Özellikle, sınavsız unvan verilecek yüksek lisans ve doktora yapmış öğretmenlerle ilgili çalışmaların 1.1.2005 tarihine kadar bitmesi gerekiyor. Bunun yapılabilmesi için de yönetmeliğin bir an önce çıkması gerekiyor.

Mustafa ÖZDEMİR

Biliyor musunuz?

CHP İstanbul Milletvekili Algan Hacaloğlu ve 60 arkadaşının, Milli Eğitim Bakanı Hüseyin Çelik hakkında, ihaleye yolsuzluk karıştırdığı ve görevini kötüye kullandığı gerekçesiyle Meclis soruşturması açılması için önerge verdiğini...

DEVLET Tiyatroları Genel Müdürlüğü’nce bir süre önce 29 Kasım’da yapılacağı açıklanan kadro sınavının, resmi bir açıklama yapılmaksızın, bir sene sonraya ertelendiğini...

IĞDIR’da 8 derslikli Iğdır Lisesi ek bina inşaat ihalesinin en düşük teklifi veren firmaya değil, 970 milyar lira ile en yüksek teklifi veren, CHP Iğdır Milletvekili Yücel Artantaş’ın kardeşi ve oğluna ait ARTAY İnşaat’a verildiğini...

MESAJ PANOSU

ÜSKÜDAR
Ticaret Meslek Lisesi’nde okuyan bir grup öğrenciden: bahçemizin duvarları yaklaşık 3 m., ilaveten dikenli tellerle çevrili 1,5 m. demir parmaklıklar var. öğrenci miyiz mahkum muyuz?
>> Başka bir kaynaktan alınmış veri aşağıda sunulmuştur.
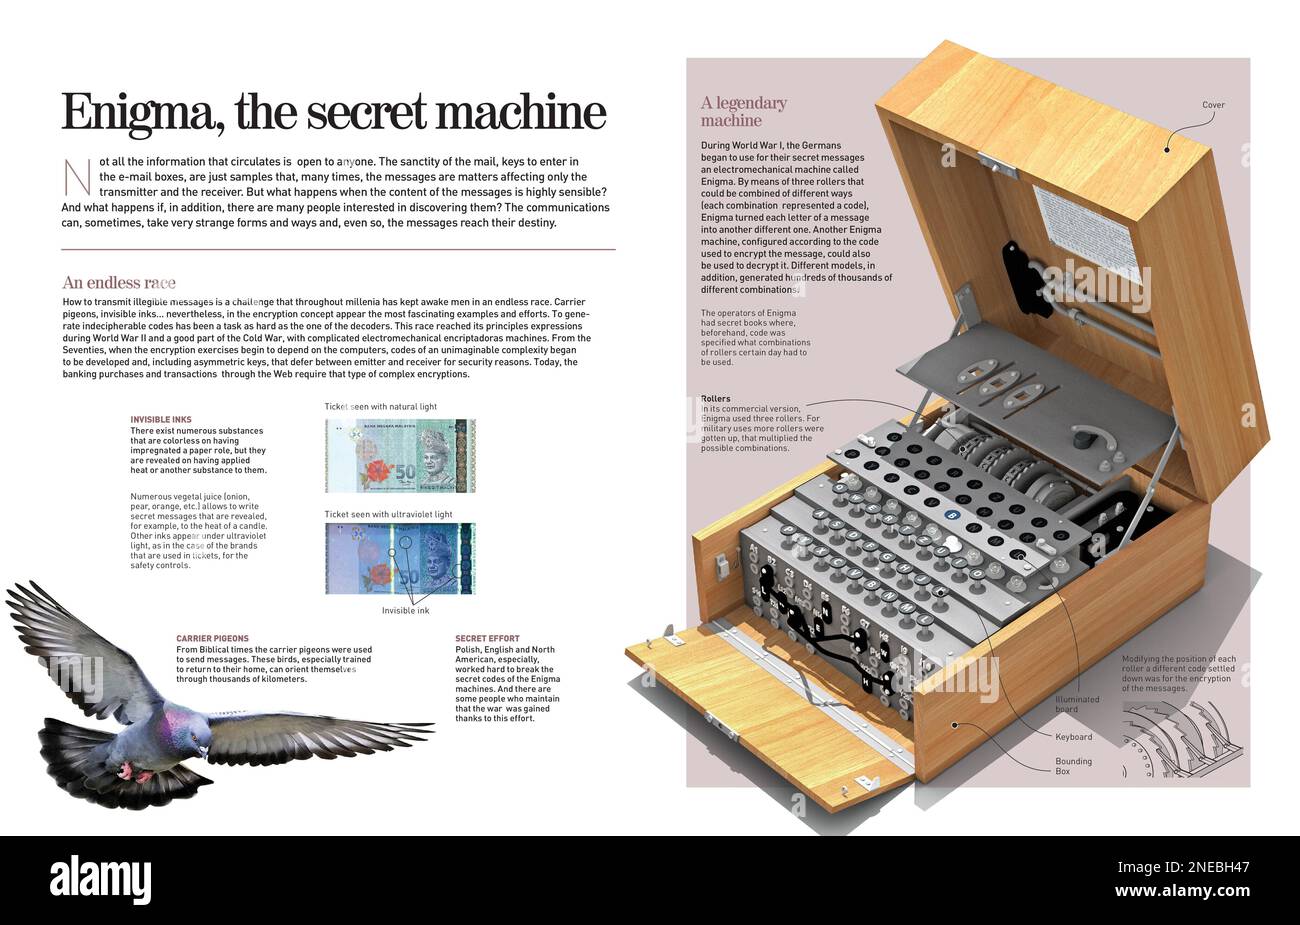 Infografik über die elektromechanische Enigma-Maschine, die während des Ersten Weltkriegs von den Deutschen verwendet wurde, um geheime Botschaften zu senden, die von Gegnern nicht abgefangen wurden. [Adobe InDesign (.indd)]. Stockfoto
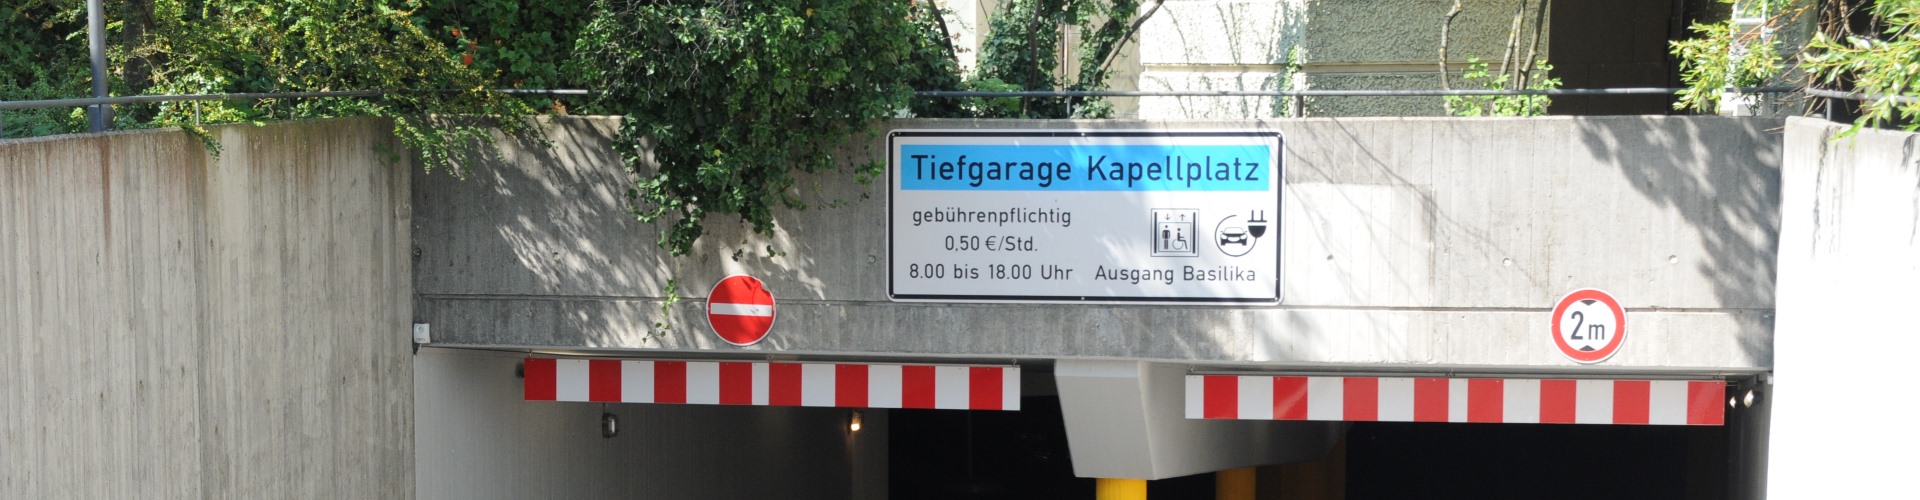 Abfahrt zur Tiefgarage am Kapellplatz Altötting mit Infoschild.

Üsküdar Ticaret Meslek Lisesi’nde okuyoruz demekten utanır olduk. BULUŞ Şenliği’ cumartesi 11.00-14.00’te İTÜ Taşkışla Kampusu’nda. ABD dışında ilk kez Türkiye’de yapılan şenlikte hem buluşçular, hem de hobiciler bir araya geliyor. www.bulus.ws

MARDİN Midyat’taki bütün okullarda ısınma problemi vardır. Bu sorunu yetkililerin bilmesine rağmen herhangi bir önlem alınmamaktadır. Ağır kışa rağmen hiçbir okulda sobalar ve kaloriferler yanmamaktadır. Bu konuda biz eğitimcilere yardımcı olursanız seviniriz. Çünkü bizler de ders yapmakta zorluk çekiyoruz.